• _ACTION ITEM_:
Word for word, write the lines below out again, with no pictures.

• _RAW DATA_:
· · · · ·

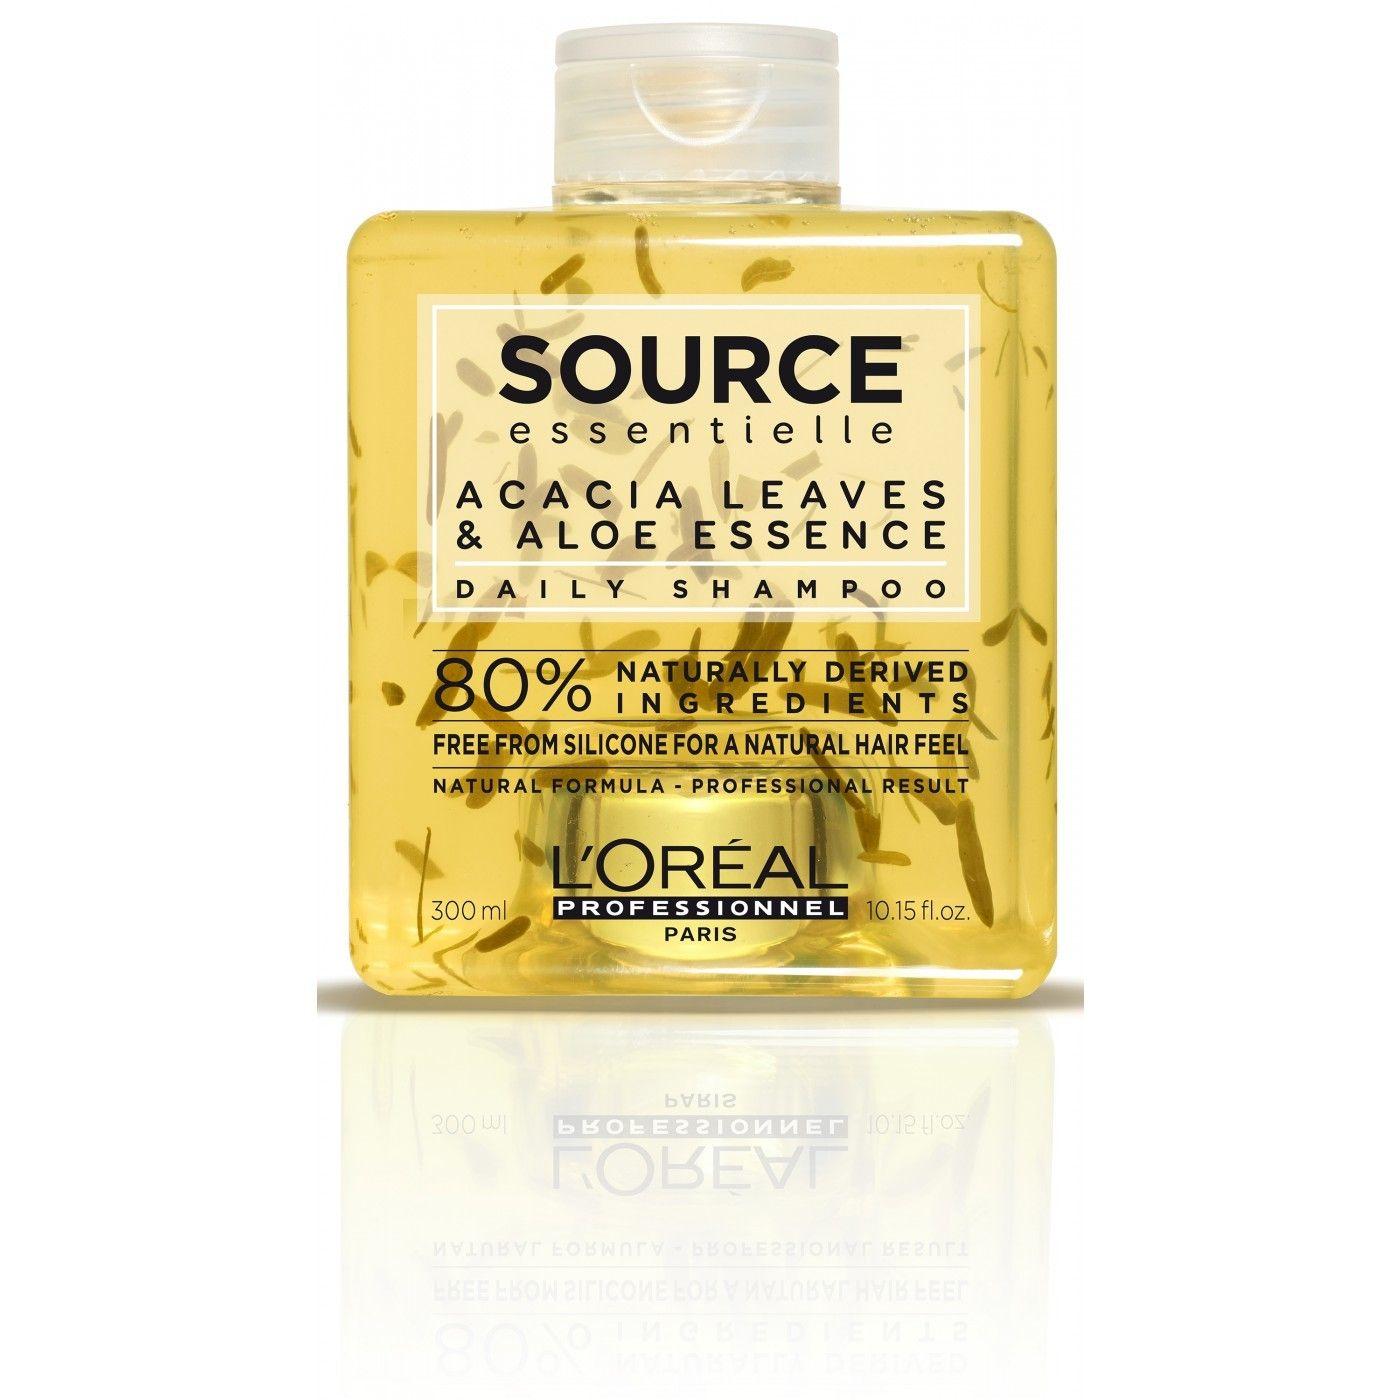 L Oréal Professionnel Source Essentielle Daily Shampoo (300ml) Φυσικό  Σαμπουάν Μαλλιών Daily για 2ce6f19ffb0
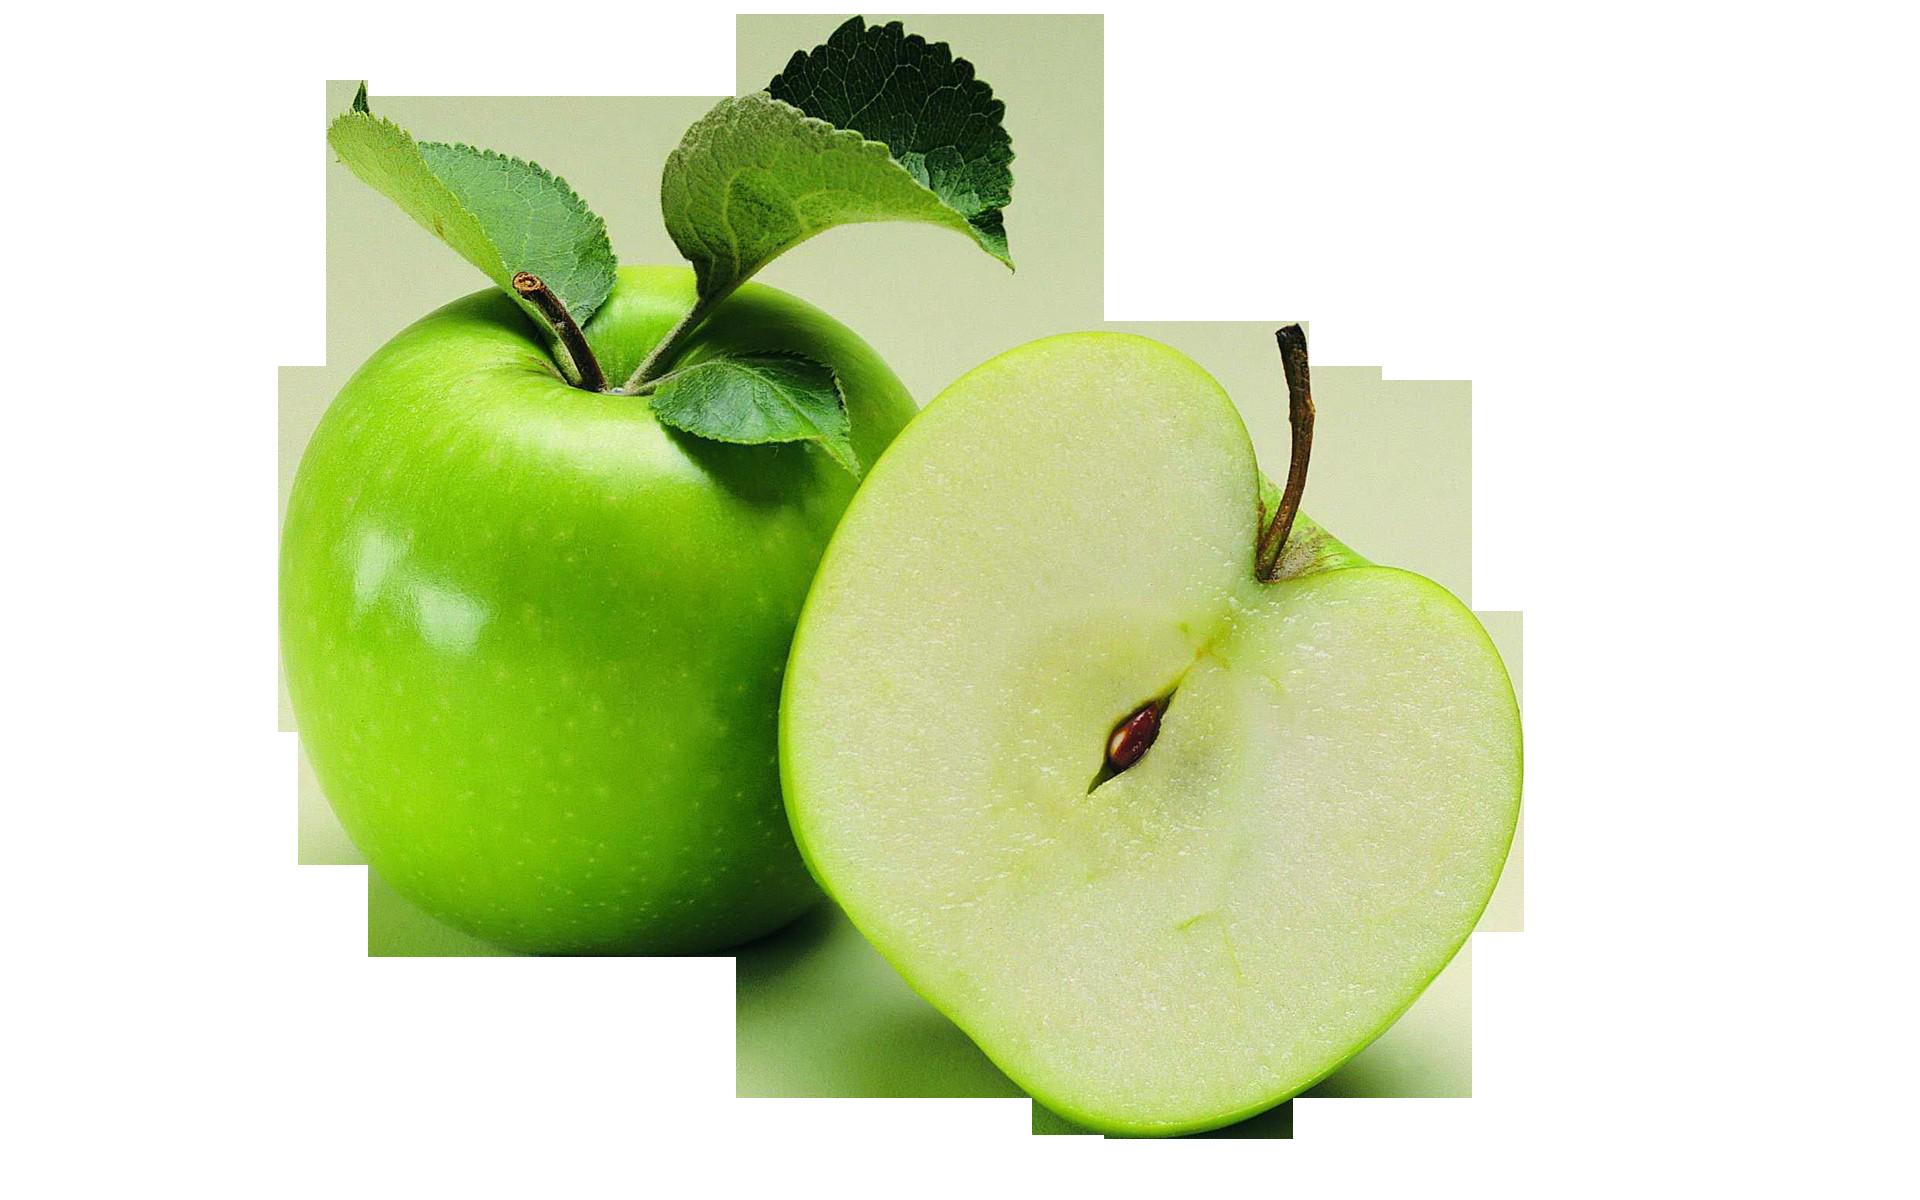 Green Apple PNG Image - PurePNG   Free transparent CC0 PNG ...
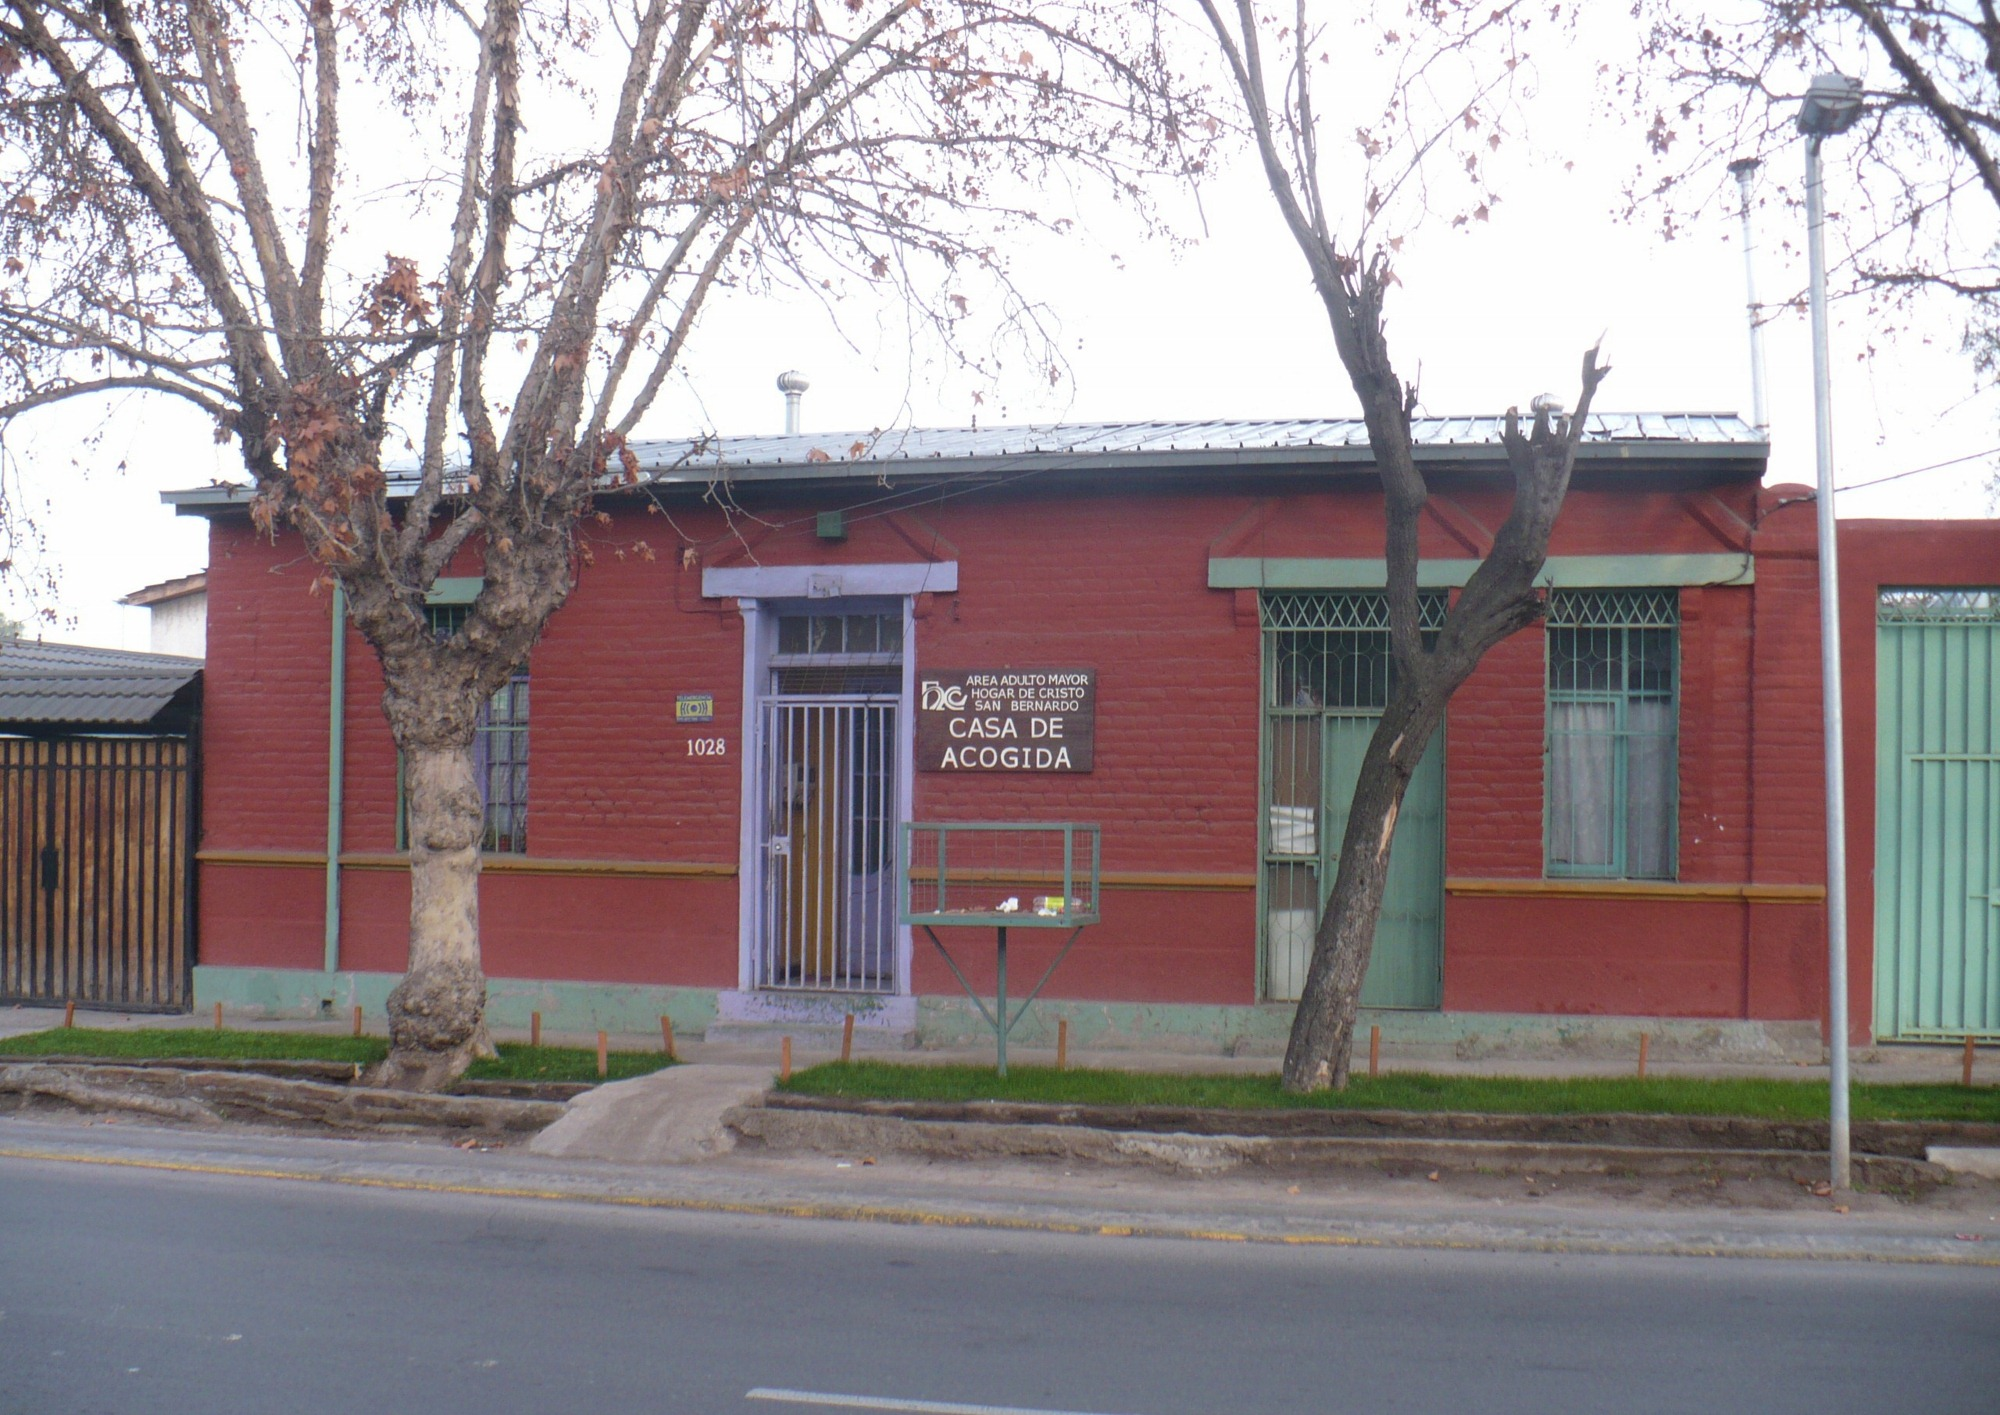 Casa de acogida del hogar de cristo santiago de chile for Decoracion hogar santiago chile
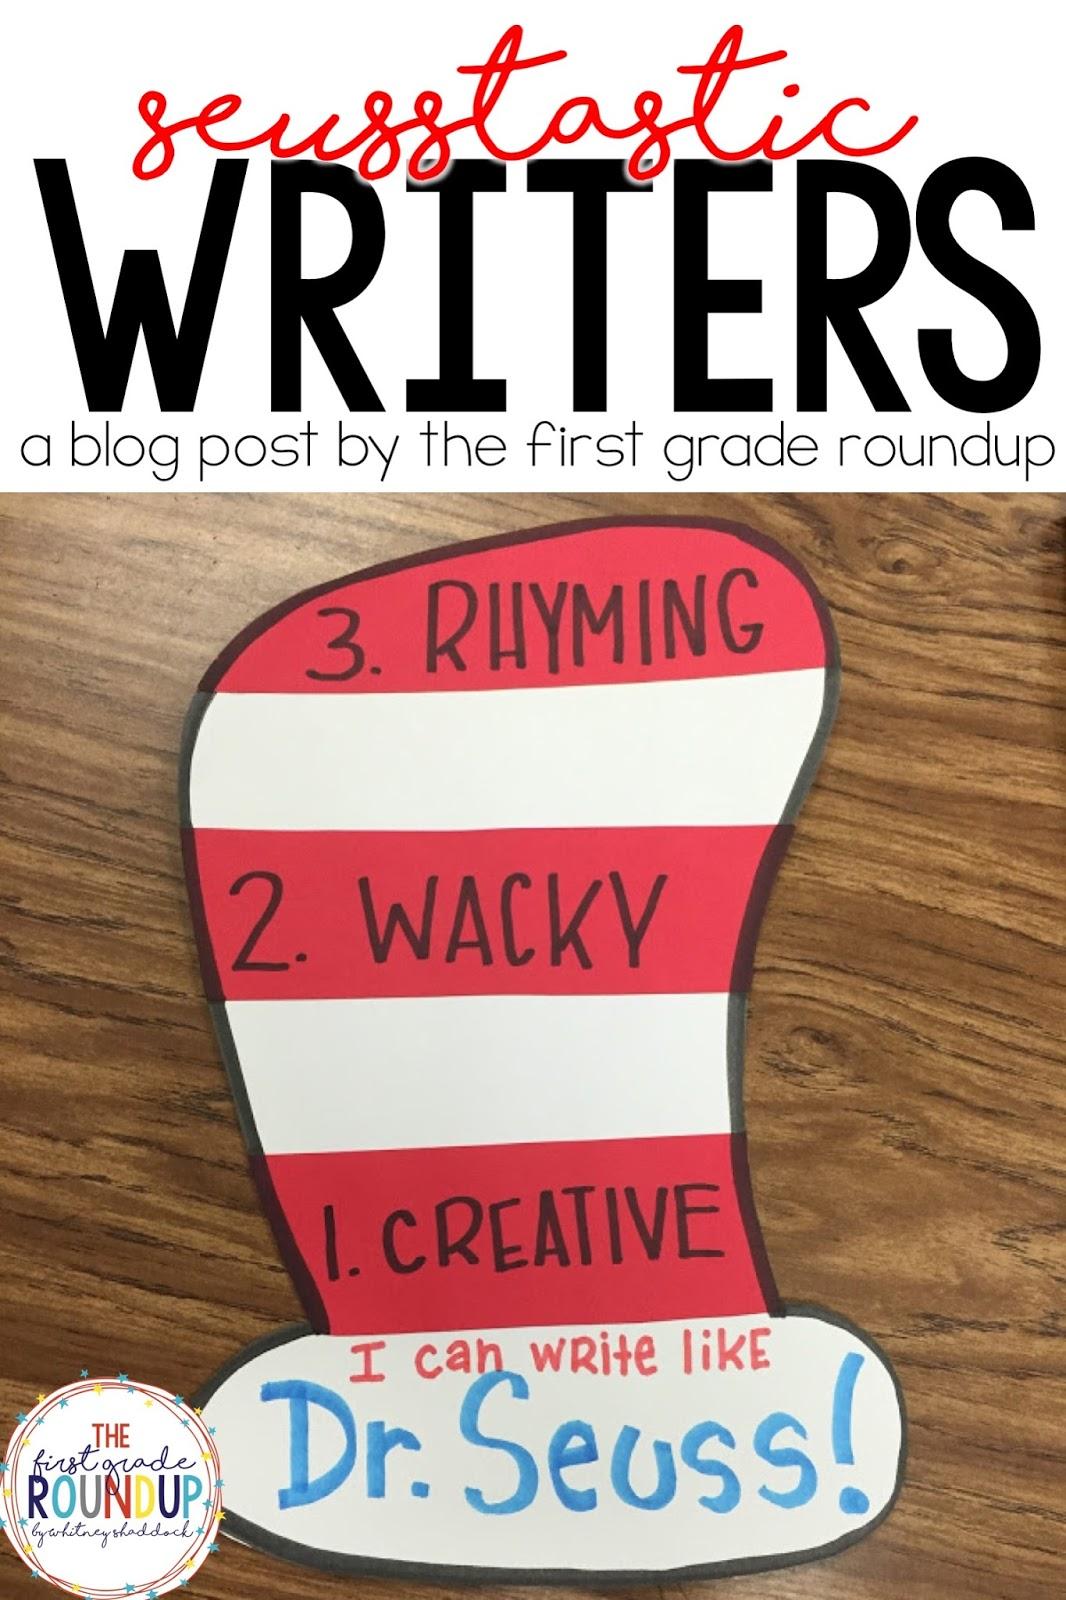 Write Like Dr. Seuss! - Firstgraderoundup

· · · · ·

• _WRITTEN ANSWER_:
 L Oréal Professionnel Source Essentielle Daily Shampoo (300ml) Φυσικό  Σαμπουάν Μαλλιών Daily για 2ce6f19ffb0
 Green Apple PNG Image - PurePNG   Free transparent CC0 PNG ...
 Casa de acogida del hogar de cristo santiago de chile for Decoracion hogar santiago chile
 Write Like Dr. Seuss! - Firstgraderoundup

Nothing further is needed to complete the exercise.